And Why Taxpayers Shouldn’t Stand for It Any More
By Bill McKibben
Along with “fivedollaragallongas,” the energy watchword for the next few months is: “subsidies.” Last week, for instance, New Jersey Senator Robert Menendez proposed ending some of the billions of dollars in handouts enjoyed by the fossil-fuel industry with a “Repeal Big Oil Tax Subsidies Act.” It was, in truth, nothing to write home about -- a curiously skimpy bill that only targeted oil companies, and just the five richest of them at that. Left out were coal and natural gas, and you won’t be surprised to learn that even then it didn’t pass.

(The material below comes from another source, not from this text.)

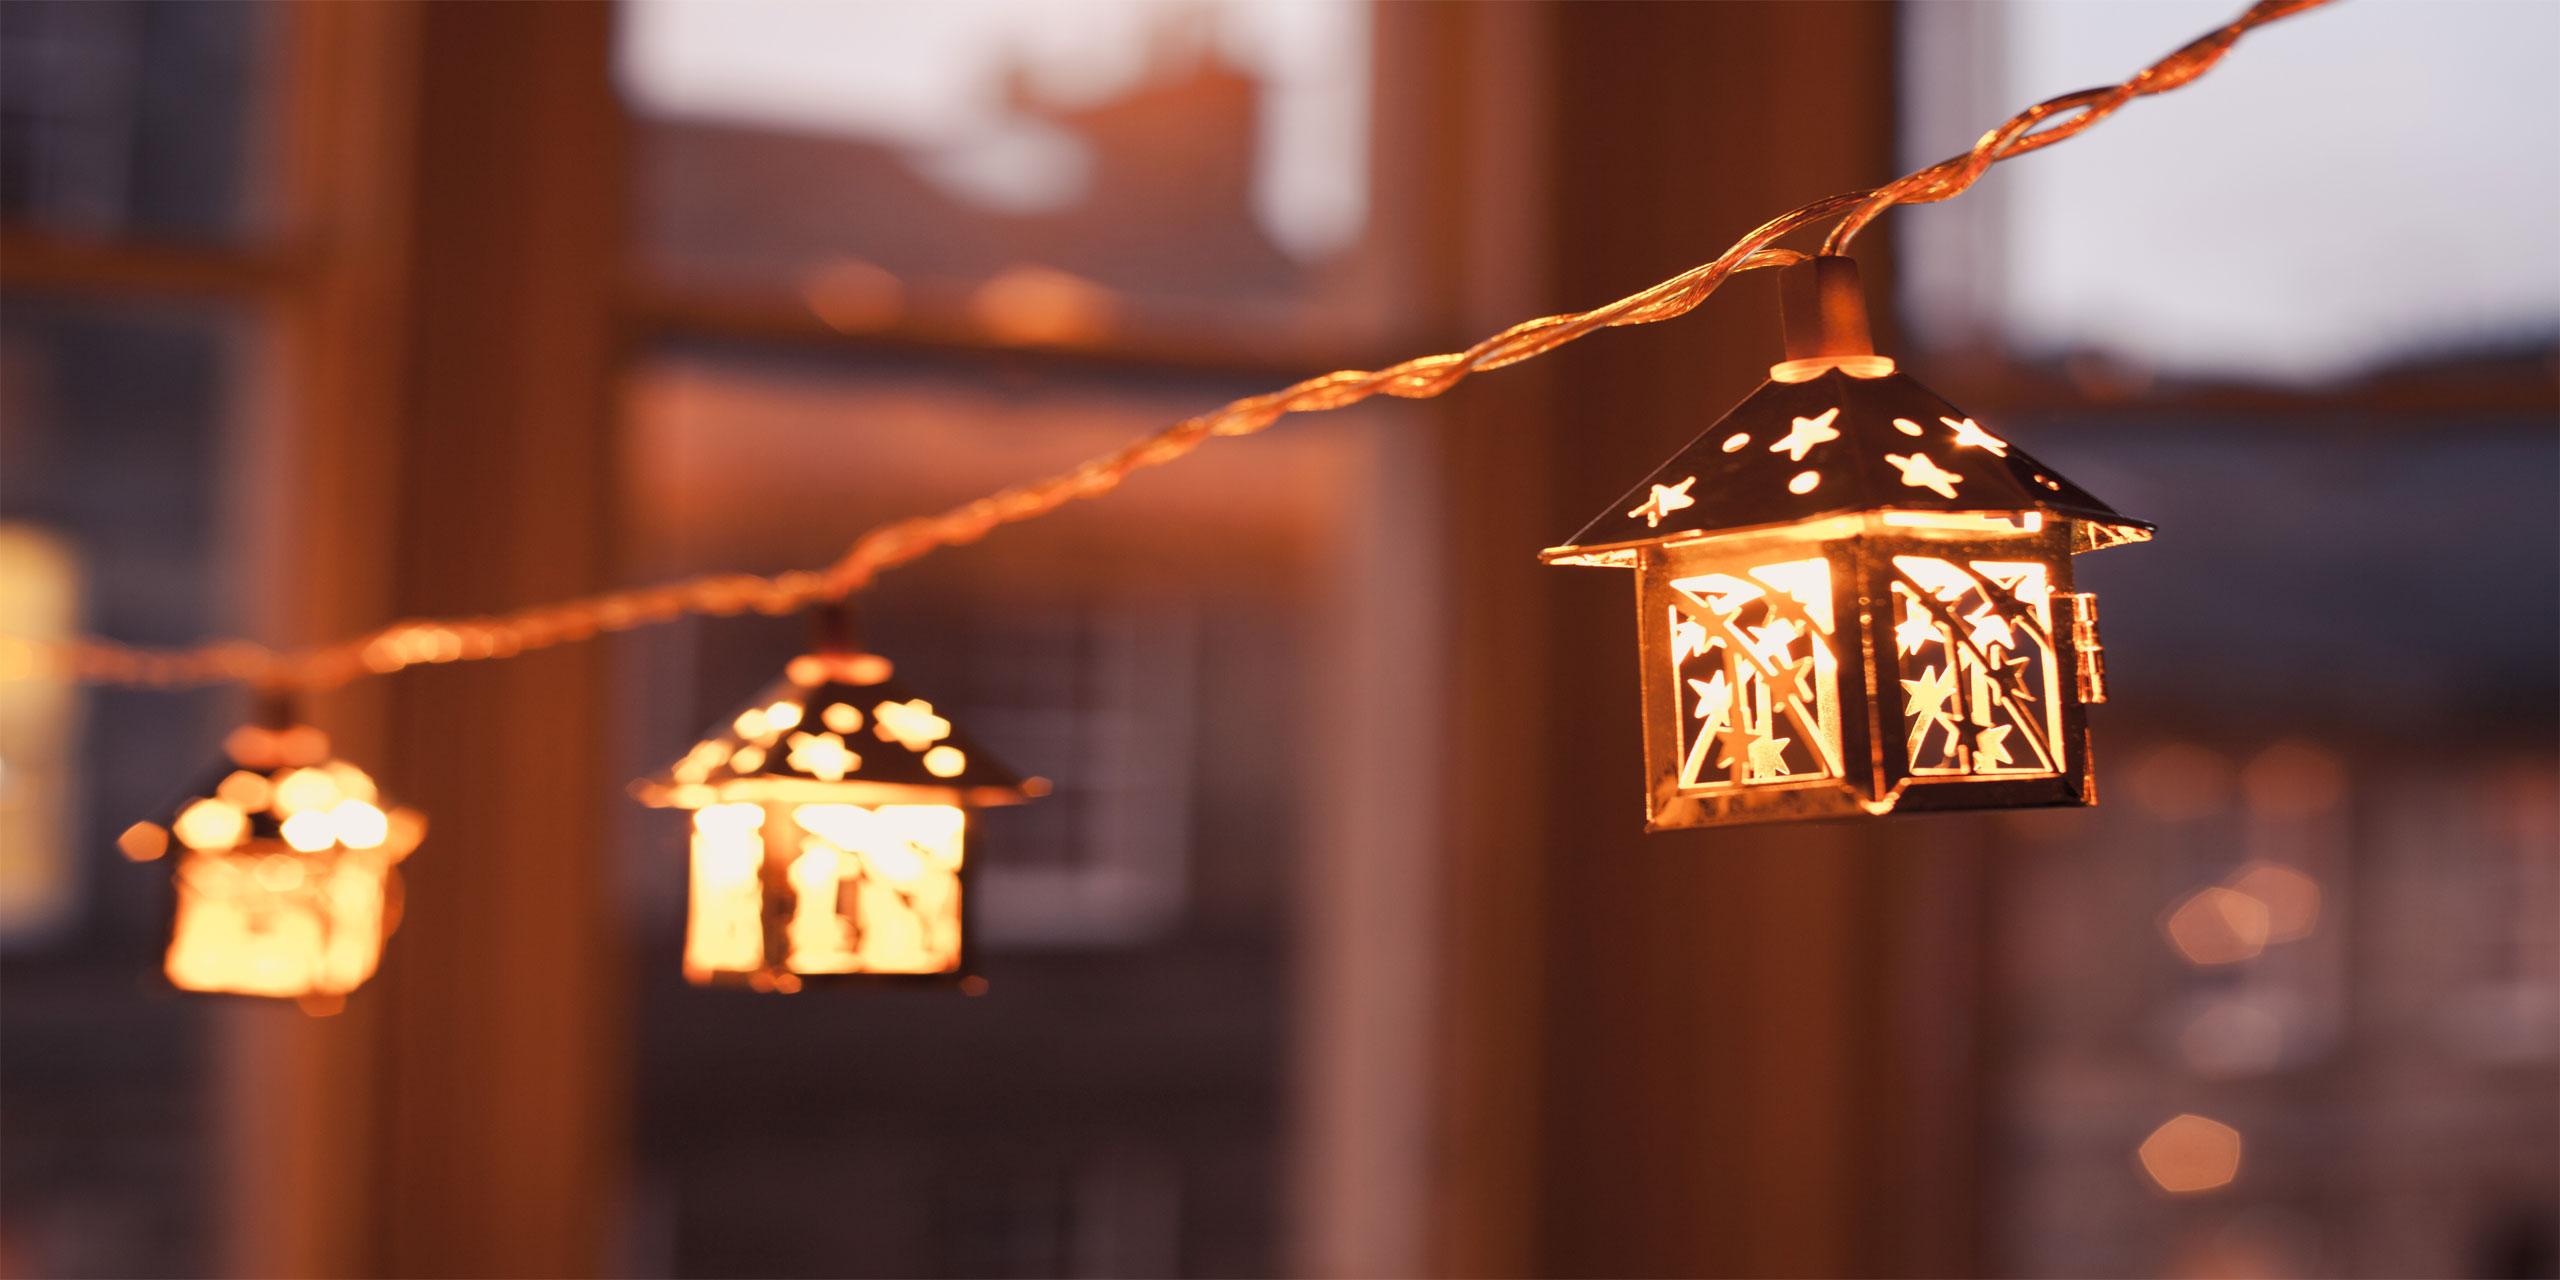 Christmas Decor; Courtesy of Joanna Tkaczuk/Shutterstock.com

Still, President Obama is now calling for an end to oil subsidies at every stop on his early presidential-campaign-plus-fundraising blitz -- even at those stops where he’s also promising to “drill everywhere.” And later this month Vermont Senator Bernie Sanders will introduce a much more comprehensive bill that tackles all fossil fuels and their purveyors (and has no chance whatsoever of passing this Congress).
Whether or not the bill passes, those subsidies are worth focusing on. After all, we’re talking at least $10 billion in freebies and, depending on what you count, possibly as much as $40 billion annually in freebie cash for an energy industry already making historic profits. If attacking them is a convenient way for the White House to deflect public anger over rising gas prices, it is also a perfect fit for the new worldview the Occupy movement has been teaching Americans. (Not to mention, if you think about it, the Tea Party focus on deficits.) So count on one thing: we’ll be hearing a lot more about them this year.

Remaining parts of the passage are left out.